Task description:
Below are entries with pictures among them; reproduce exactly, and only, the lines from the one containing "09f22aeb7 Jordan Infant" down to the one containing "Resultado de imagem", without the pictures.

Data records:
━━━━━━━━━━━━━━━━━━━━

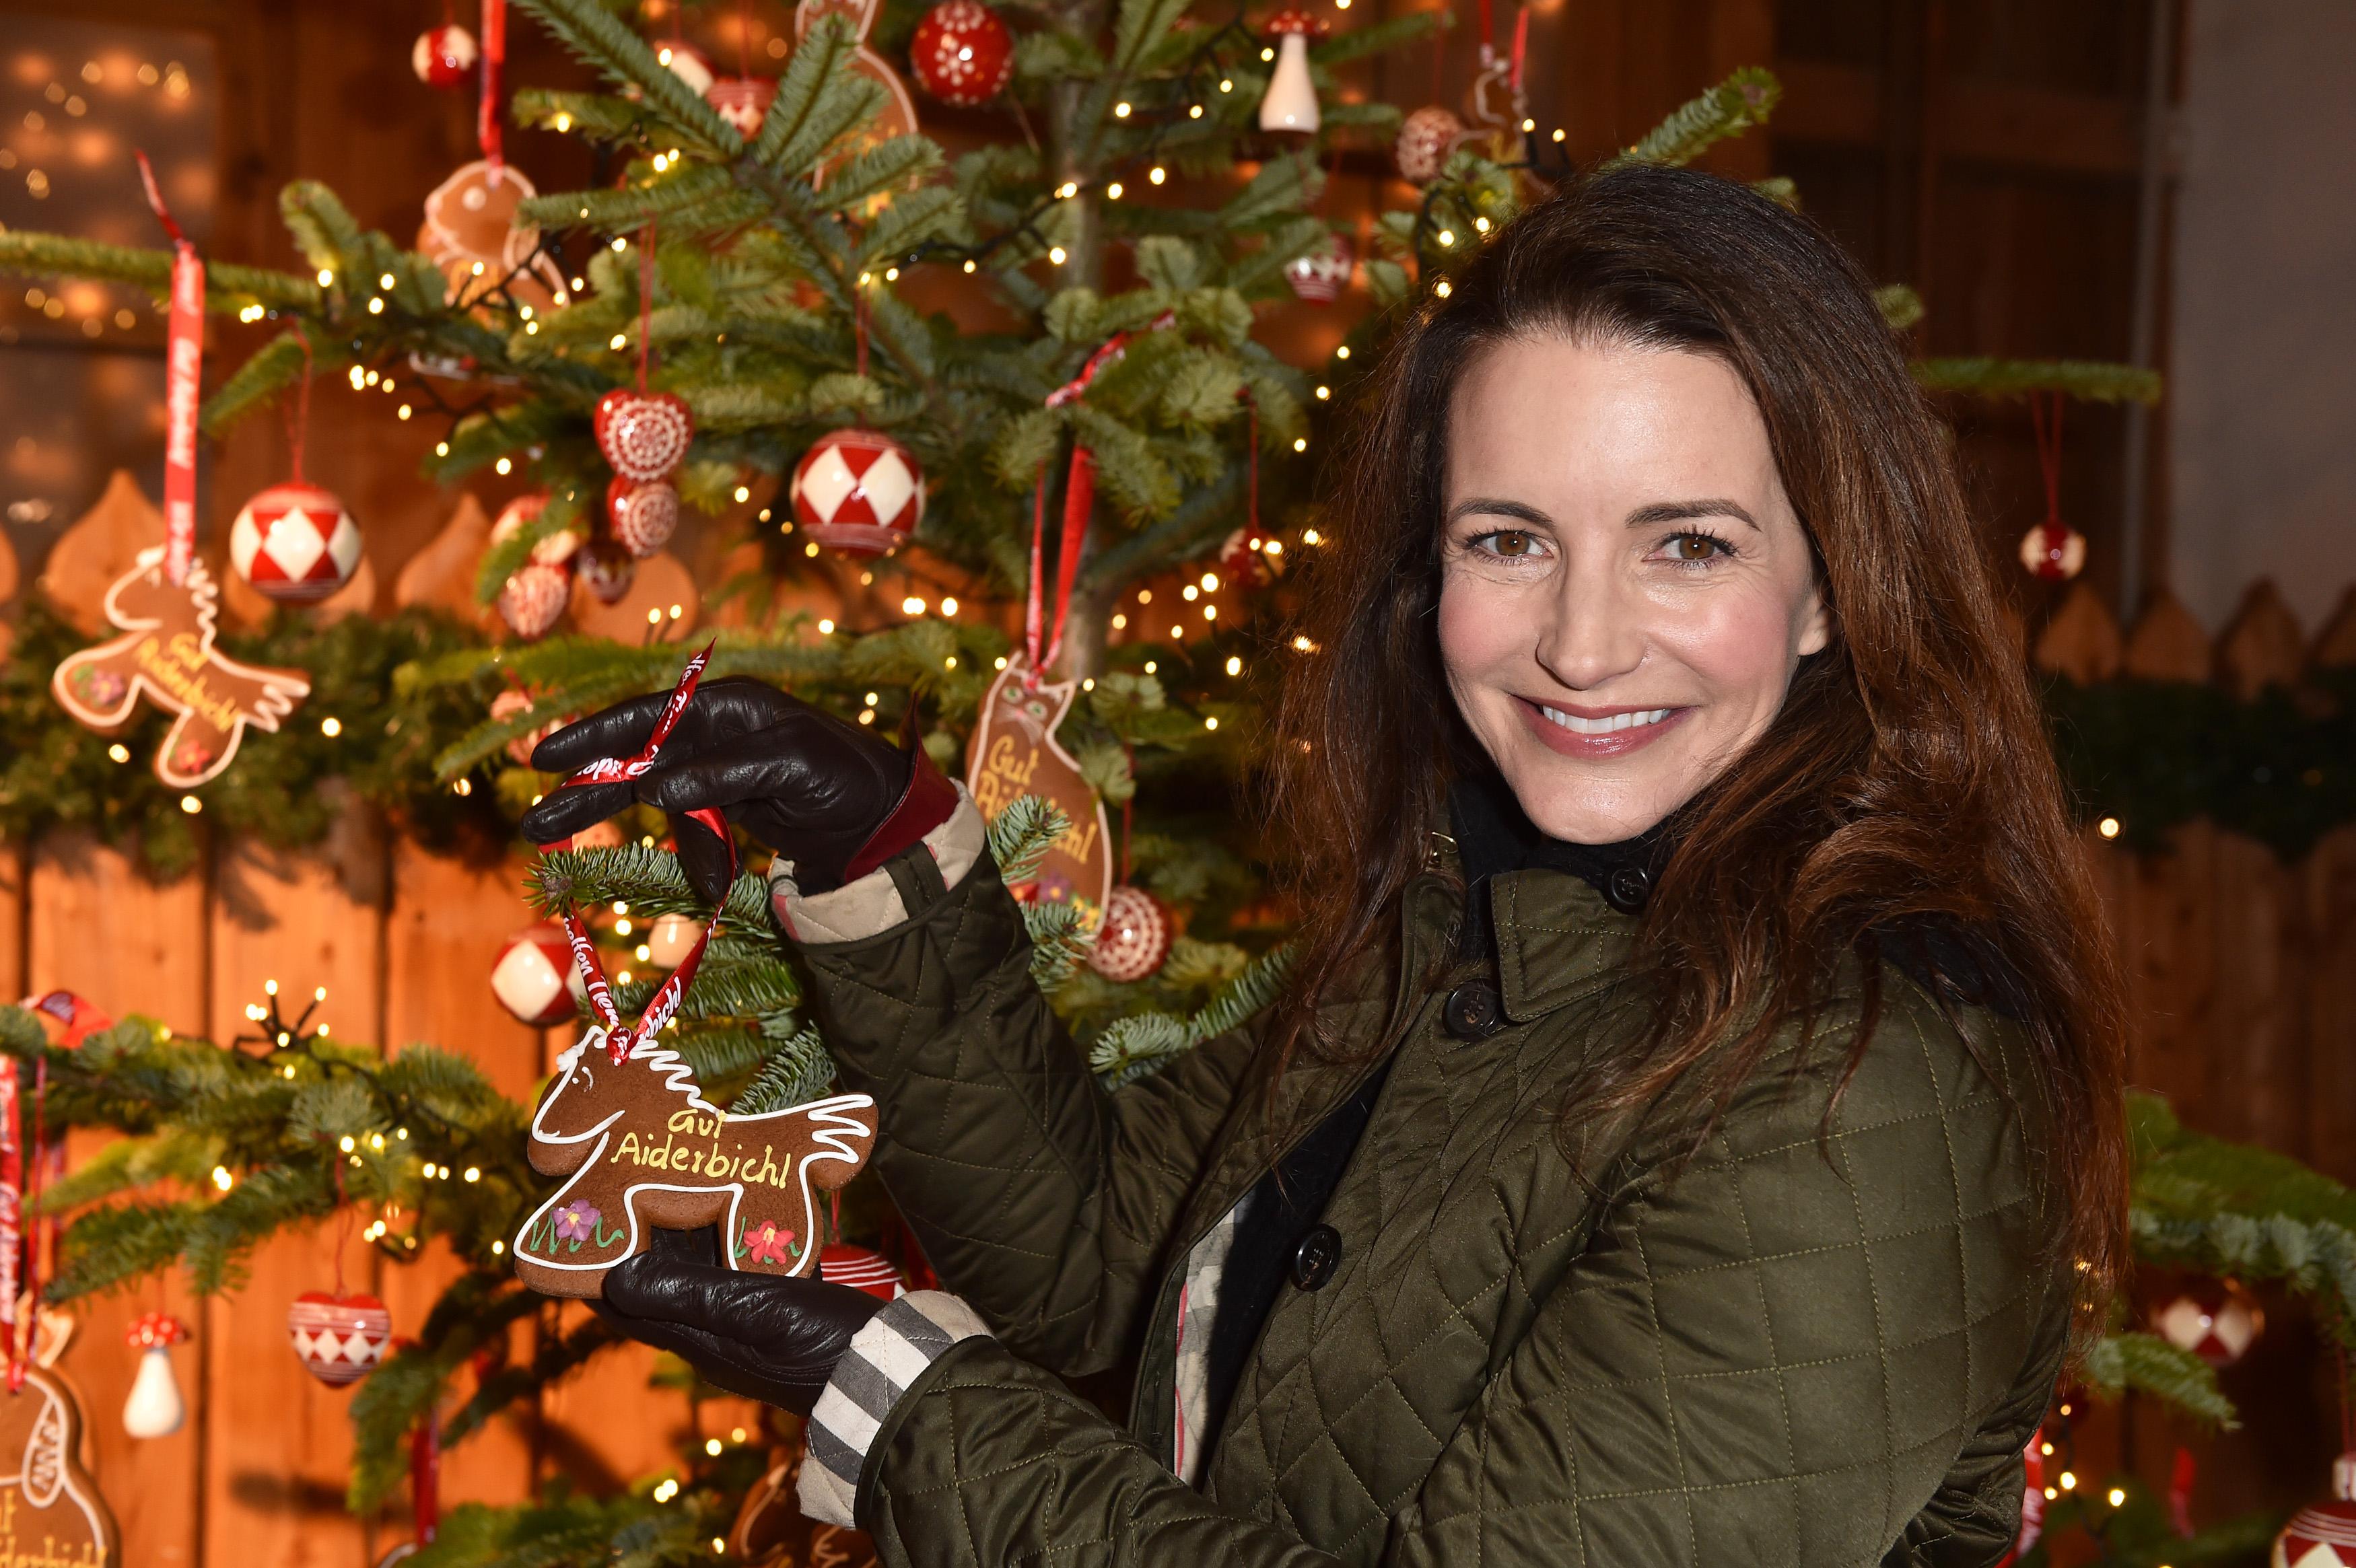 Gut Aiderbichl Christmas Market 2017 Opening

━━━━━━━━━━━━━━━━━━━━

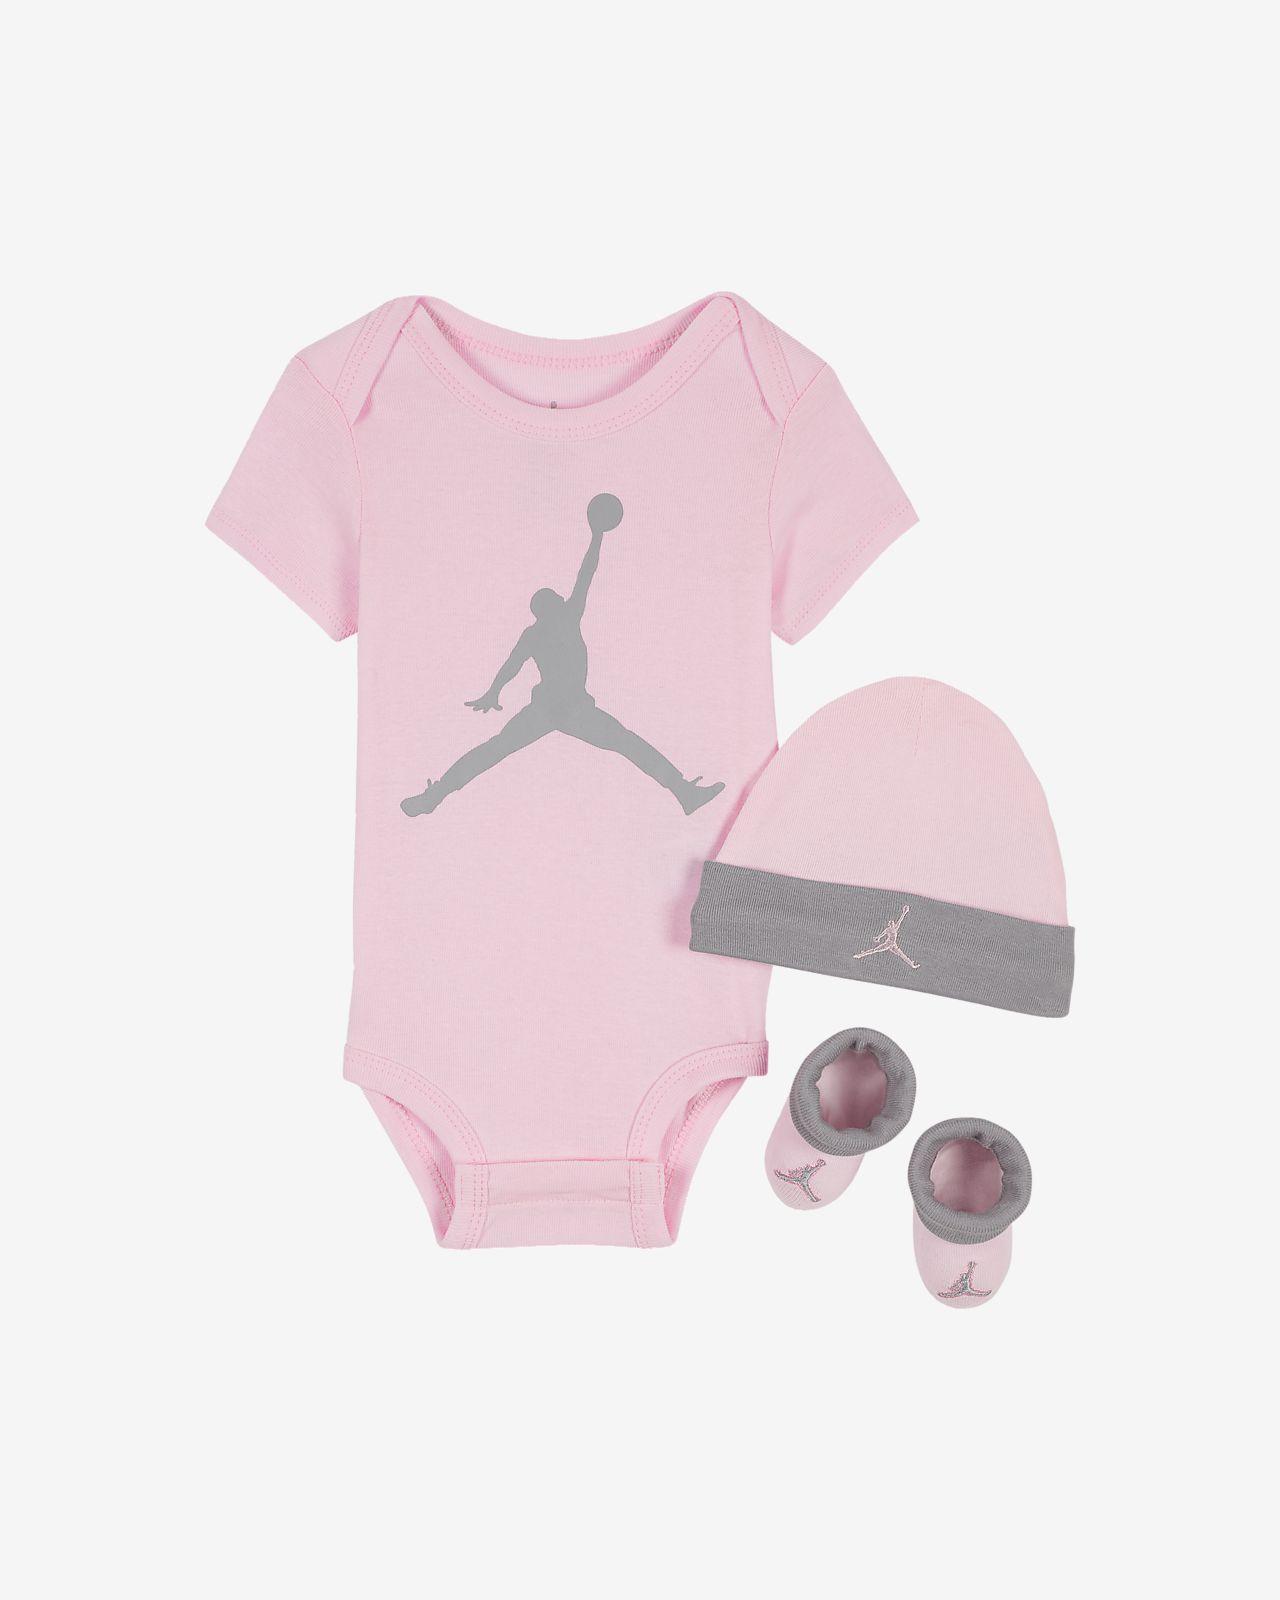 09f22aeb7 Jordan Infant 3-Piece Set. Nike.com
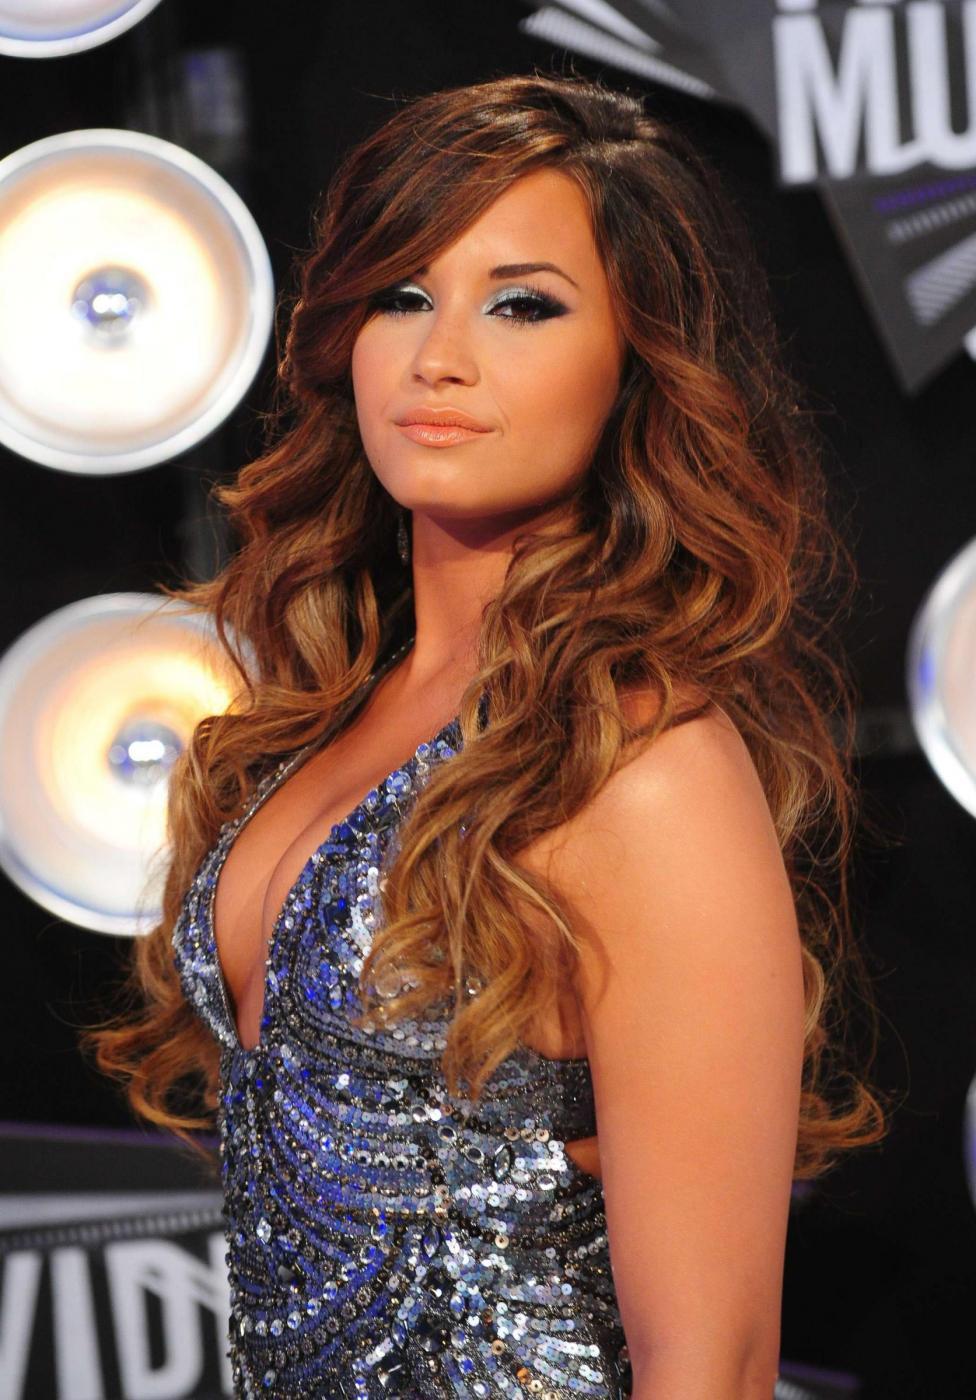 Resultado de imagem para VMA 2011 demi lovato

━━━━━━━━━━━━━━━━━━━━

Output for this exercise:
 09f22aeb7 Jordan Infant 3-Piece Set. Nike.com
 Resultado de imagem para VMA 2011 demi lovato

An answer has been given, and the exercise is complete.